If this is a fourth wave at minor degree, it will probably get ugly and confusing at some point, and leave bulls and bears alike scratching their heads trying to figure out what the market's going to do next.  The market tends to alternate between trending waves and cycling waves, and fourth wave corrections in a bull move usually cycle in a sideways-down fashion.  They trend near-term, but then stop and grind around just when you think they're going somewhere, chewing up accounts and driving all but the nimblest traders nuts. From my perspective, we haven't reached that point just yet, so enjoy the clarity while it lasts.

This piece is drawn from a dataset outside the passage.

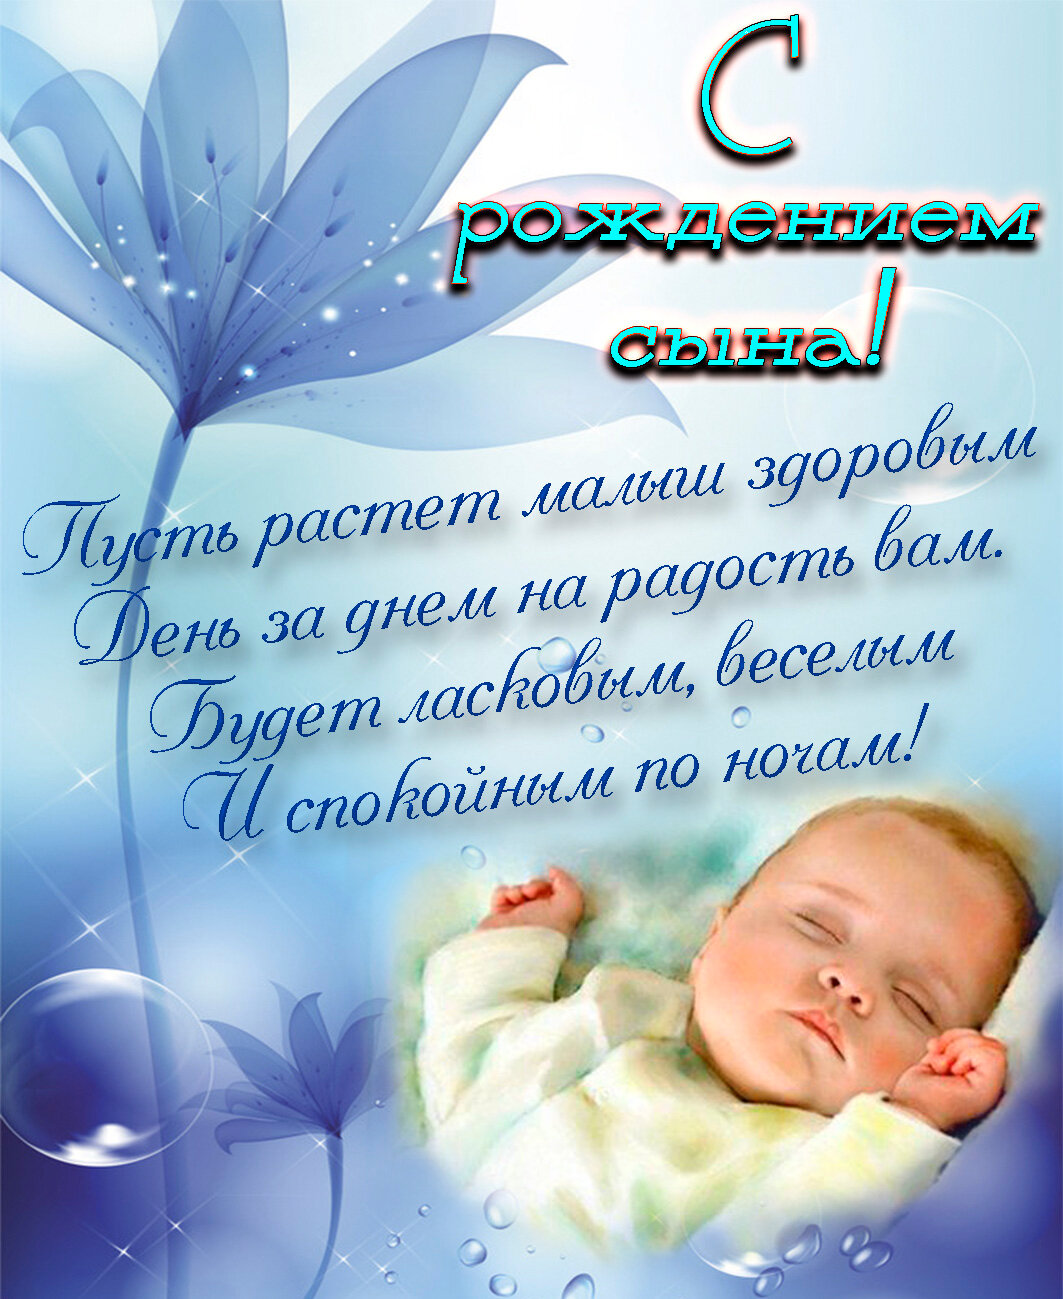 Открытки видео с рождением ребенка, картинки аленка рождество

I've had a great run since May 6, when I switched footing and set my S&P 500 (SPX) targets at 1640-50 and 1680-90 -- then adjusted on the fly and called the 1680-90 zone "almost a given," for a total of  about 70 points of captured upside.  From there, I hit the turn off the big reaction rally on May 28 and captured 40+ points of downside into the first target zone of 1620-29; then hit the next turn at 1647 for another 40 points into the second target of 1600-1614.  That's about 150 points of profit in a (supposed) "buy and hold" market which, as of yesterday, closed only 28 points higher than it was on May 6 when this run started.

Since I simply can't see a way to top the performance of the past 30+ days, I was thinking maybe I should go out on a high note, and retire to Maui immediately.  Then I remembered: Wait a minute, I already live on Maui!  So instead, I considered retiring to some dank inner-city apartment with noisy plumbing in a high-crime area.  That didn't sound appealing at all, though... so in the end I decided I'd keep trading and writing updates.  I'll have to put off my dreams for another day! 

And I'd better, because as of right this minute: I don't know.  I've been staring at charts a lot over the last few days, and they haven't gotten much clearer.

I'm basically split roughly 55/45 in favor of the bears, but it's almost too close to call.  Let's start off with one of the charts that seems to be saying bears have a slight edge over the intermediate term:


 
The S&P 500 has all the required ingredients for a completed fourth wave, but I'm more inclined to believe it's incomplete.  Bulls must hold the 1598 low, since trade beneath that level would suggest a strong third wave decline.




Near-term SPX below:



The Russell 2000 (RUT) is also leaning me toward the idea that the final low isn't in yet.  The pattern here is hard to count as complete, because there are some very slight subtleties which are just a little bit off (not unlike myself).  Again, it falls into the "too close to call" range.



In conclusion, it is technically possible that 1598 marks ALL OF wave C of iv, meaning the market would hold that low and proceed to new highs rather directly -- but I feel there are slightly better odds that the correction lower is still unfolding.  We'll keep an eye on things going forward, and hopefully the next few sessions will offer additional clarity.  Trade safe.